* Task item: Without any change, set down every record below.
┌──
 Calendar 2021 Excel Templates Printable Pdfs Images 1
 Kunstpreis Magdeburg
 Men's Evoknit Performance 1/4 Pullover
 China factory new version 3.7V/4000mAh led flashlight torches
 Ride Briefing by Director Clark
└──
* Answer to this exercise:
 Calendar 2021 Excel Templates Printable Pdfs Images 1
 Kunstpreis Magdeburg
 Men's Evoknit Performance 1/4 Pullover
 China factory new version 3.7V/4000mAh led flashlight torches
 Ride Briefing by Director Clark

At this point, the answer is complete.